Обратитесь в клинику, если уж на то пошло. Забери это, – и он брезгливо сунул презерватив в руки дочери.
Та, пряча его в кулаке, быстро удалилась наверх. Я всё это время сдерживал смех, чтобы не обижать и
без того подавленную происходящим Ким. Но только звук шагов стих, я дал волю эмоциям. Том,
неодобрительно глядя на мое веселье, бросил:
– Да ладно тебе! Всё вполне безобидно. Я-то думал меня чужим белком кормят, а тут любовь,
оказывается, – грустно вздохнул он. – Эта девчонка сведет меня в могилу. По ее милости я, вместо своих
75
витаминов, две недели принимал противозачаточные кошачьи таблетки. Она их поставила в шкаф на то же
место, где стоял мой пузырек.
– И как ощущения? В лоток ходить не начал? – рассмеялся я.
– Знаешь, появилось стойкое отвращение ко всем кошкам, особенно к Доллару, – уже совсем по-
доброму ответил Том.
На следующий день раздался телефонный звонок с незнакомого номера.
Я неловко растопырил пальцы, стараясь как можно быстрее нажать кнопку телефона, всегда
лежащего под рукой в последние три дня. Этот жест оттолкнул его в сторону сантиметров на десять. Гудки
продолжали идти, и я, приложив неимоверные усилия, заставил плечо послушаться. Оперев руку на локоть,
смог дотянуться дрожащей кистью руки до заветной цели. Гудки прекратились, и из гарнитуры зазвучал
добродушный бас моего друга:
– Привет, Дэн! Весь мир уже скорбит по тебе. Пока всё идет по плану. Вот только Броуди опять
установил слежку. Поэтому пока приезжать не буду. Займемся подготовкой к похоронам. Джима каждый
день вызывают в полицию. Но пока трупы не трогают. Осмотрели пару раз, сфотографировали. И всё.
Говорили, что положено сделать вскрытие, но Джим отказался, сославшись на то, что медицинское
заключение о смерти уже есть. Сейчас он пытается избежать отпевания в церкви. Нельзя отпевать Душу
живого человека, неправильно это, я с ним полностью согласен!
– Неужели Джим забыл, что я крещен под другим именем? Я же рассказывал когда-то. Мама при
крещении дала мне имя своего отца, поэтому перед Богом я Стефан. Так что передай Джиму, пусть меня
отпевают сколько угодно, – успокоил Тома.

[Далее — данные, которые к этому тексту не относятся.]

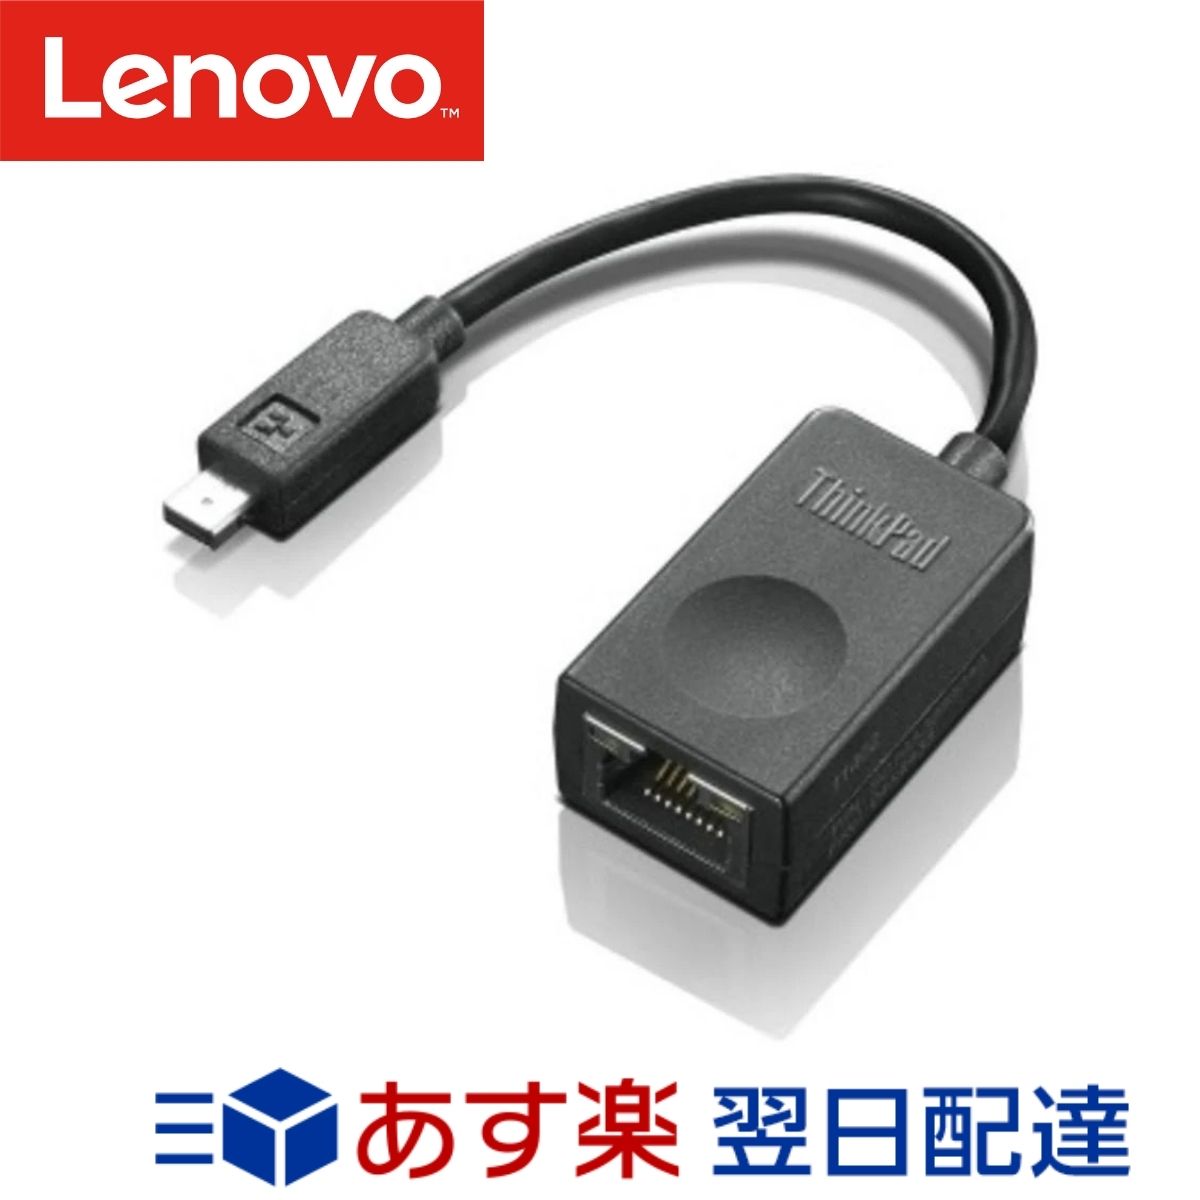 【メーカー純正品 1年保証】 Lenovo レノボ イーサネット拡張ケーブル 4X90F84315 ThinkPad (ThinkPad X1 Carbon専用) メーカー純正品

– Отличная новость, – обрадовался он. – Ладно, долго разговаривать не будем, чтоб звонок не
отследили. По возможности свяжемся. Пока!
Через два дня в новостях я увидел короткий сюжет о моих похоронах. Зрелище тягостное и неловкое.

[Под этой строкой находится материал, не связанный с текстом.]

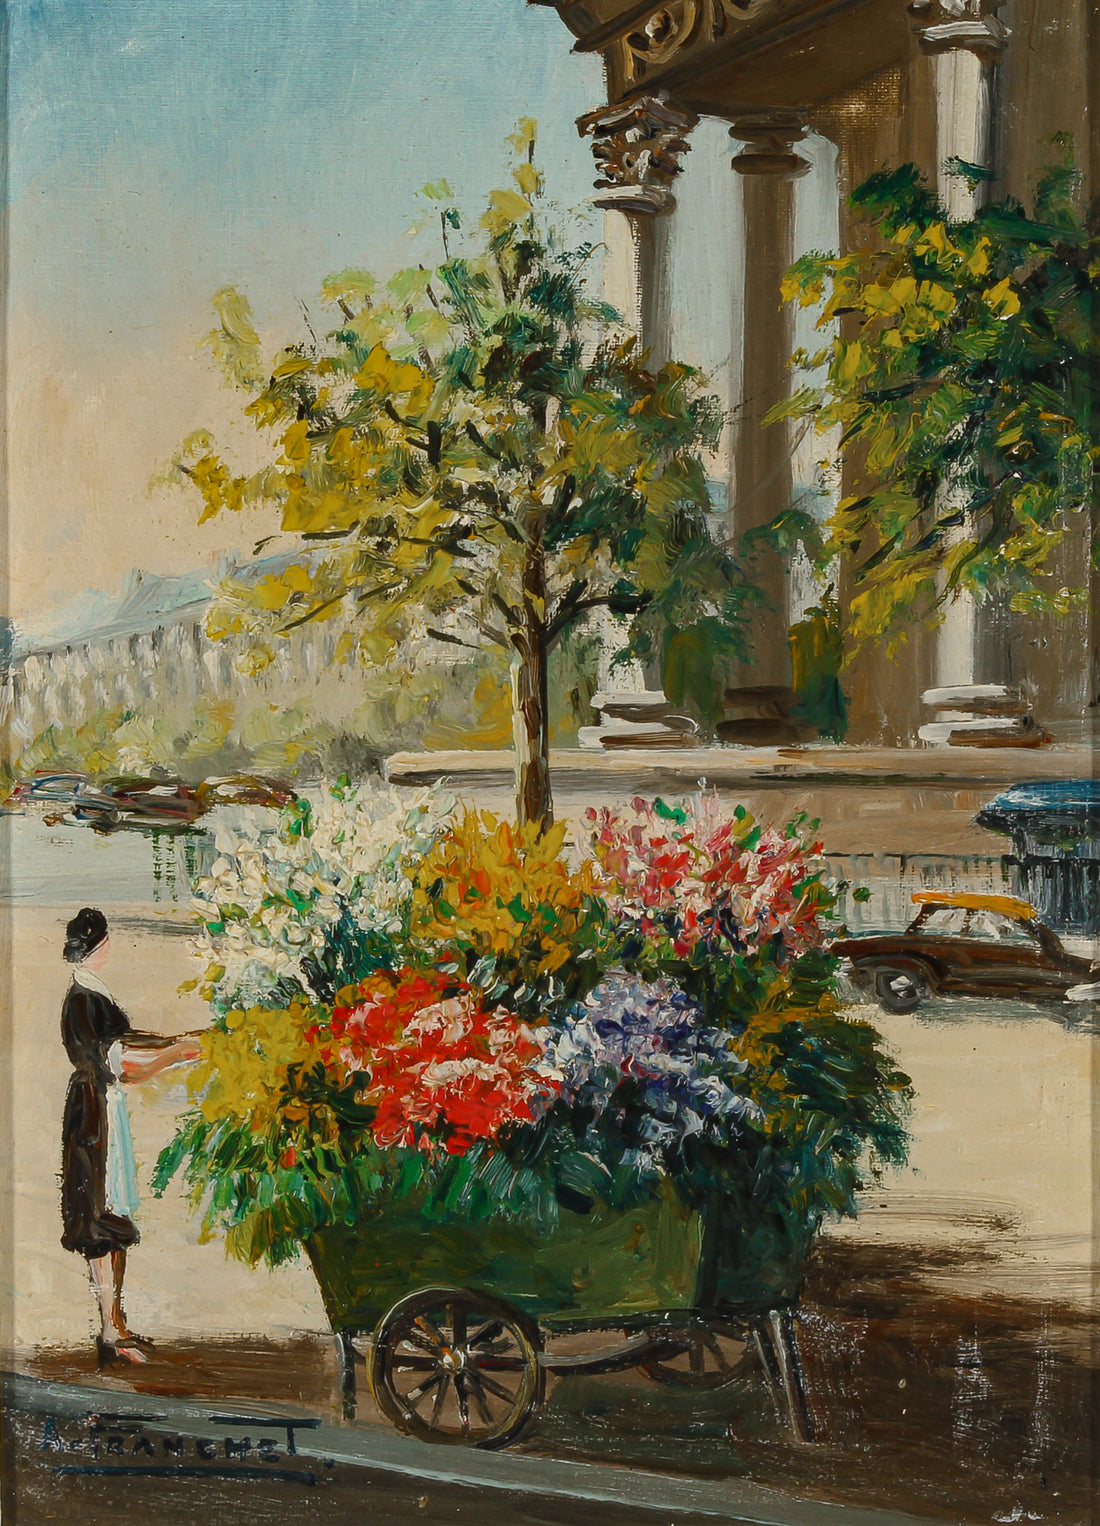 Andre Franchet - "Paris-Voiture Fleurie" - Oil on Canvas

Казалось, что все присутствующие на погребении чувствуют фальшь происходящего спектакля.
Гроб с донором был закрыт крышкой. А во втором с алебастрово-белым цветом лица возлежал «я».
Думаю, это были самые странные похороны в истории человечества. Меня хоронили как бы по частям, сразу
в двух гробах. И ни в одном из них меня, на самом деле, не было!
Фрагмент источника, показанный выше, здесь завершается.